The club's popularity continued to grow year on year and from 1850 they extended their weekly 'tramps' to Tuesday afternoons as well as Saturdays. The annual races were held at the end of February and the stewards who oversaw the events were usually commanding officers stationed in Montreal, such as Generals Eyre, Williams, Paulet, Lindsay and Michel. In January, 1859, Nicholas 'Evergreen' Hughes presided over the first Presidents Dinner and, "the echo of the shouts and laughter that rang thro' the tree tops of old Mount Royal must have astonished 'McTavish's ghost'."

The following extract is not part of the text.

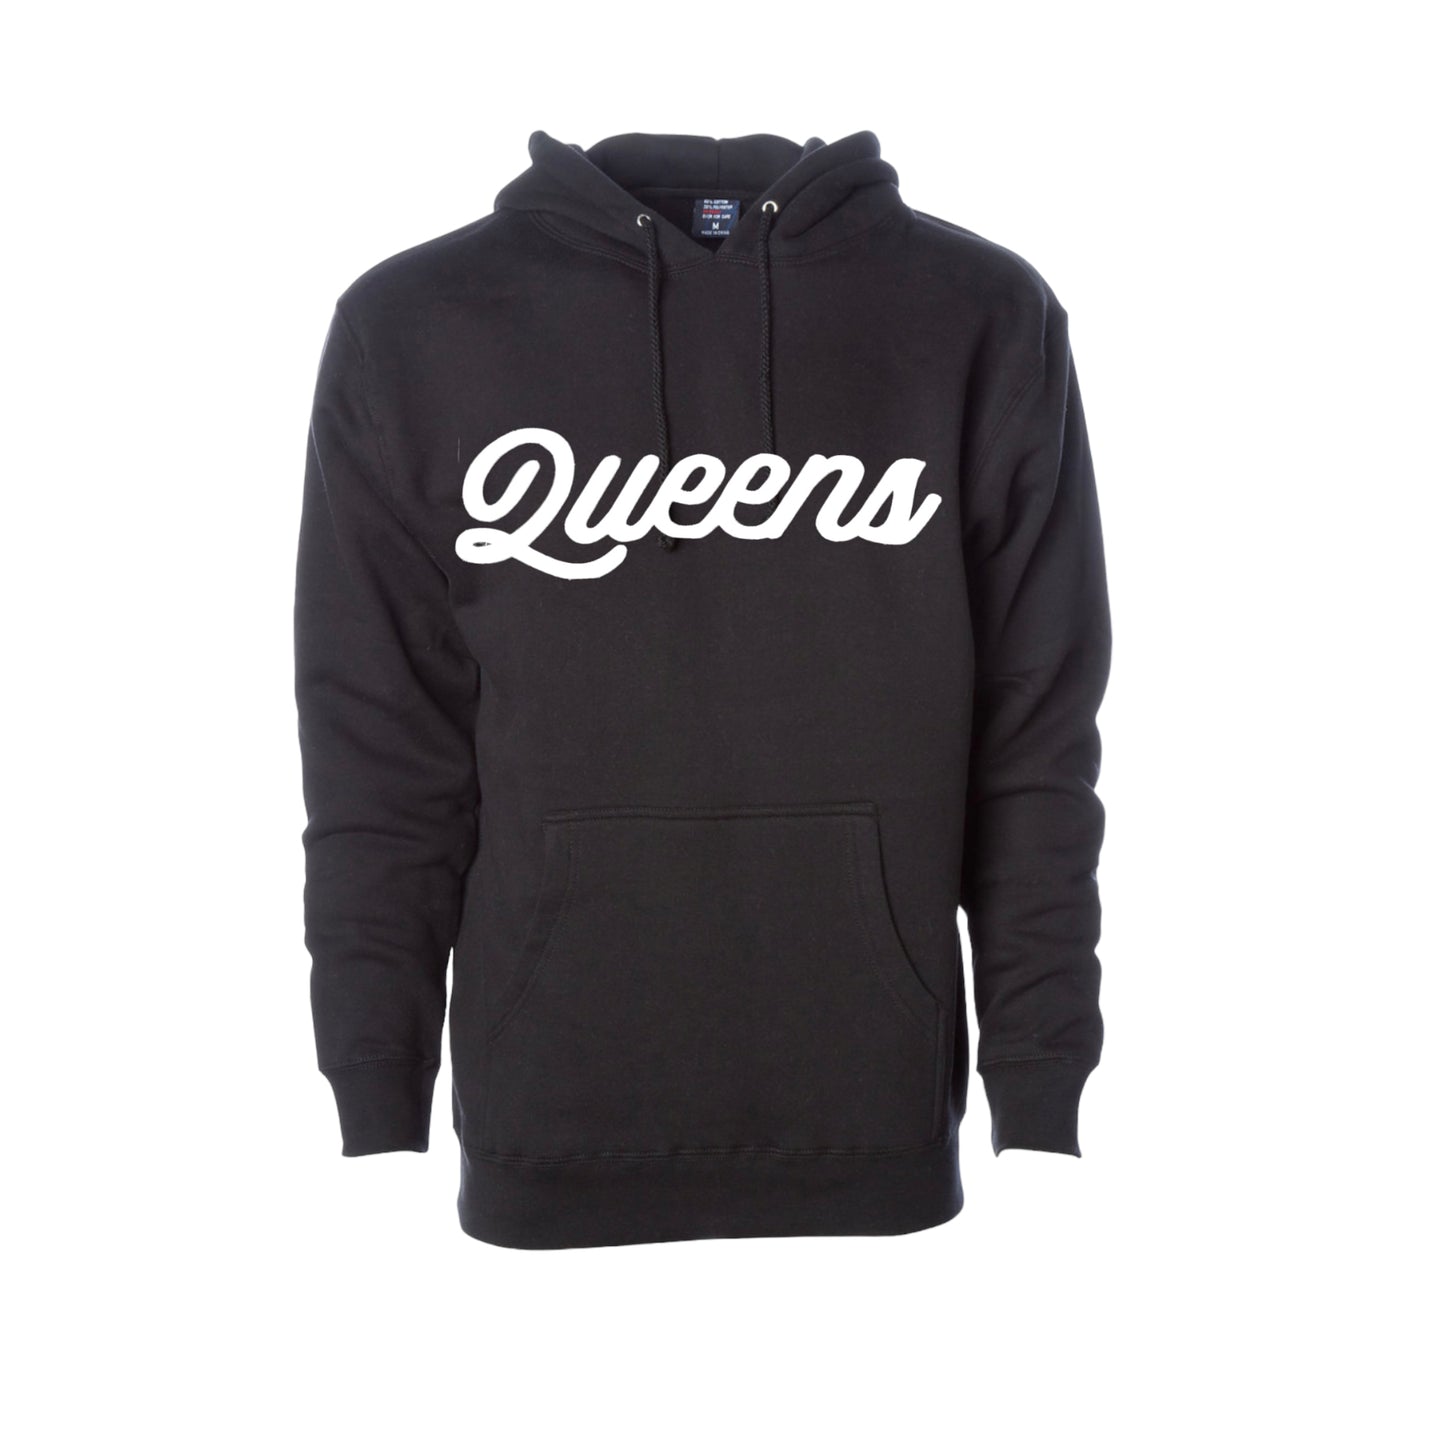 Queens Script Sweater

In 1860, the first two official photographs of the MSSC were to be taken. After the first of all the members (which did not come out well), a second was to be taken of just the officers: "This was a signal failure, the presence of an animated background proving too much for the dignity of the officers, who after several attempts at a suitable state of solemnity, gave up all idea of a picture, much to the delight of background brilliants". The old military camaraderie that had surrounded the MSSC since its origins remained, and prior to the Confederation of Canada in 1867, 'Evergreen' Hughes gave a speech linking the snowshoers' "bodily superiority" to the success of the "future Kingdom of Canada".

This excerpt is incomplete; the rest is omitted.